Re: Small US trial looks at body's ability to fight HIV
« Reply #5 on: March 13, 2012, 10:17:44 am »
Interferon comes with awful side effects. I'd want a guarantee that it was going to do me significant good before I'd ever take it again. (I injected alpha interferon once a week for a year to get rid of hep C.) I'm not surprised that quite a few dropped out of the study. "Some success" isn't enough to convince me to take that stuff again. It's fucking horrible! It was the worst year of my life - but at least I'm free of hep C now.

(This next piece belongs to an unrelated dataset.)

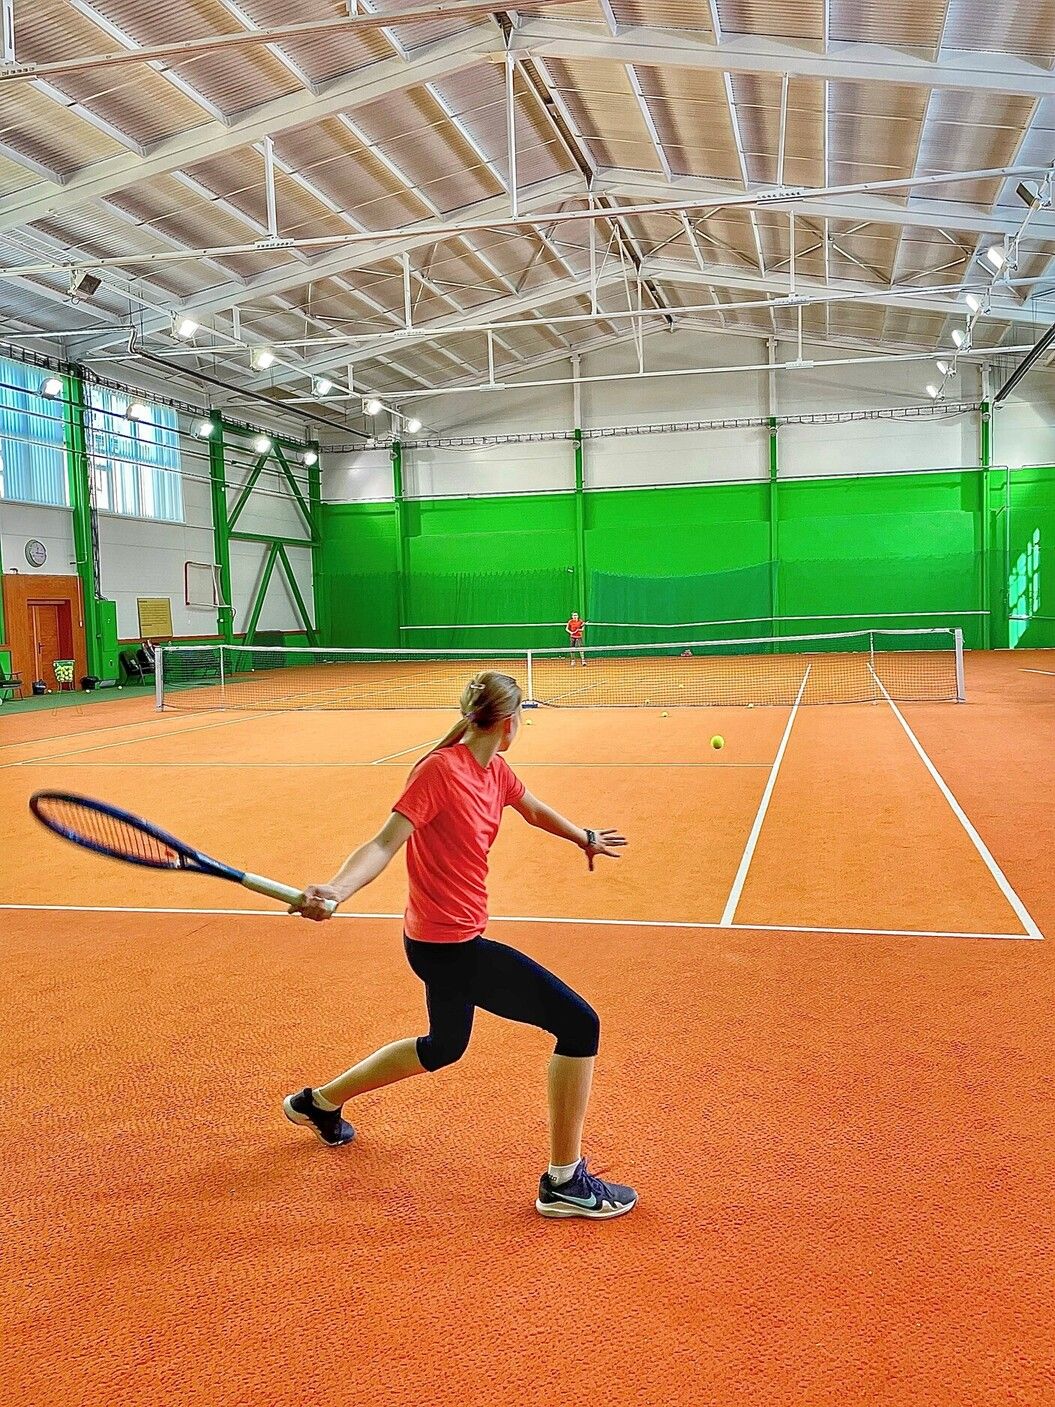 Súkromný archív Sofie Paukovej - Tréning v MatchPoint Tennis Academy (Považská Bystrica).jpg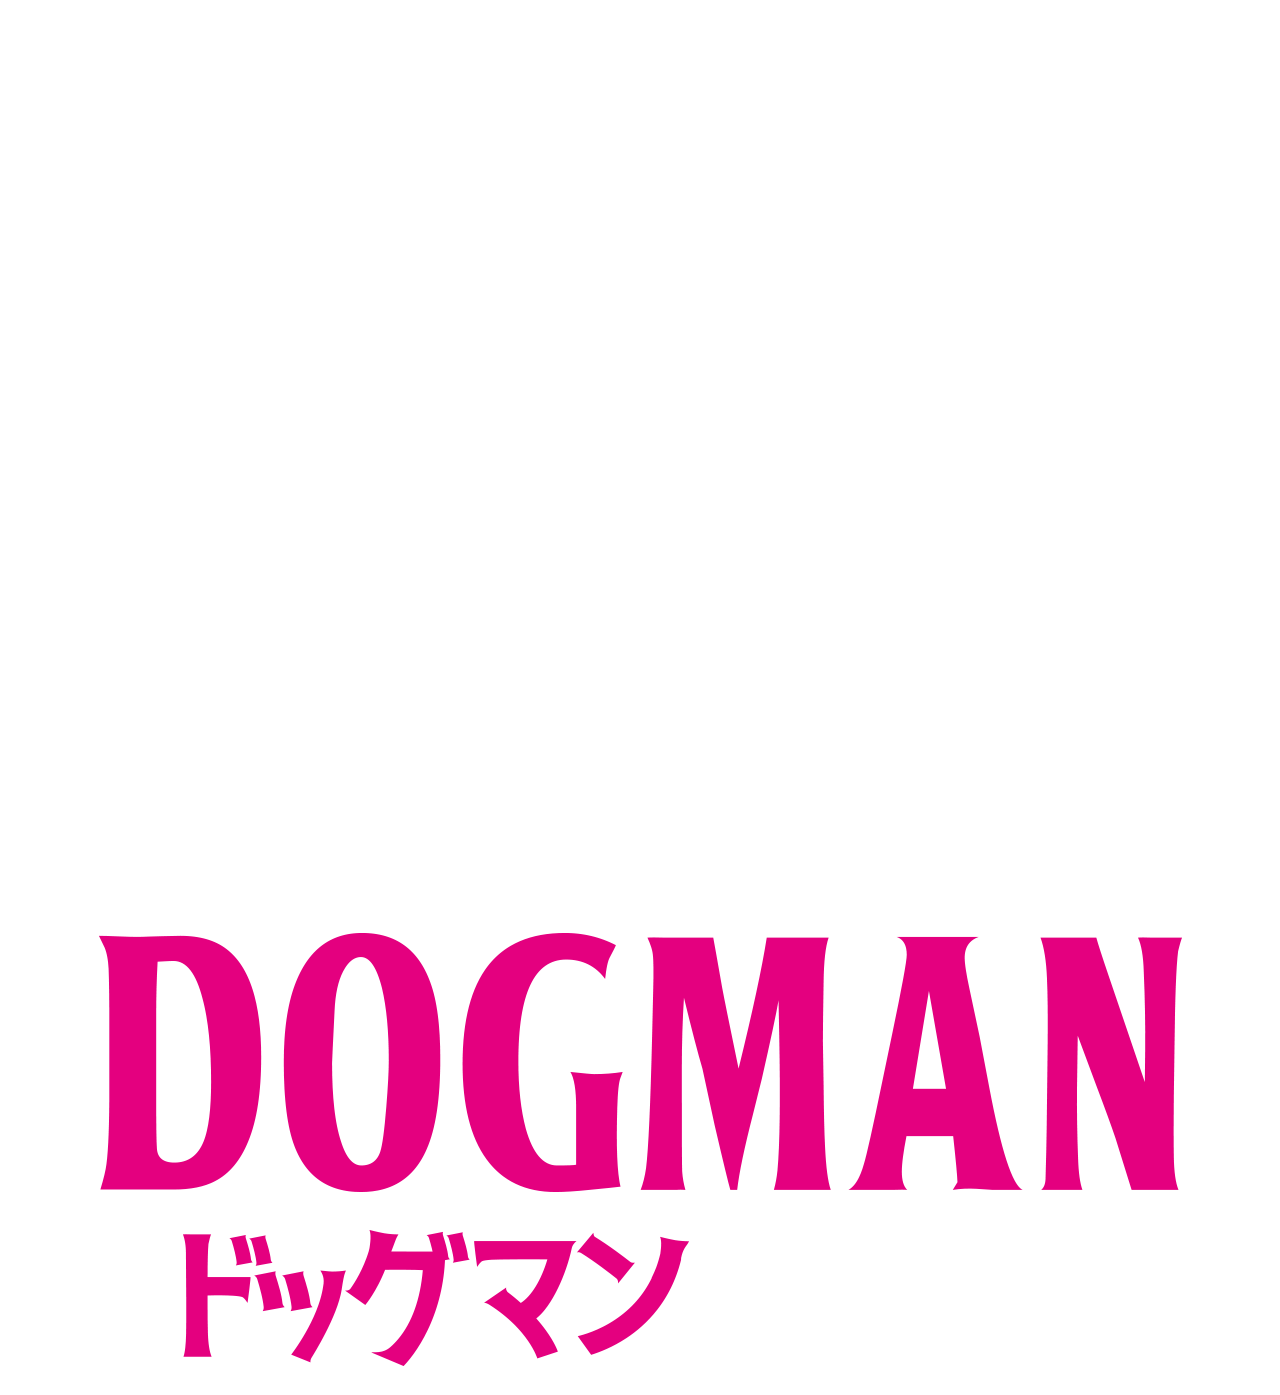 映画『DOGMAN ドッグマン』

By the way, here's my hiv lab results from around that time:

2001-12-04 VL 96,200 CD4 620

2002-02-04 VL 21,000 CD4 620
2002-04-11 VL 00,000 CD4 530 26% Started hep C treatment
2002-07-10 VL 00,000 CD4 460 27%
2002-09-11 VL 00,000 CD4 530 26%
2002-10-09 VL 30,300 CD4 322 31%

2003-01-08 VL 17,800 CD4 363 23%
2003-04-02 VL 06,940 CD4 410 Ended hep C treatment
2003-07-07 VL 40,700 CD4 474

2004-01-28 VL 29,900 CD4 518 28%

Where the VL is 00,000, it's because the test wasn't run, not because I was UD. As you can see, it had a slight effect on my VL, but not much.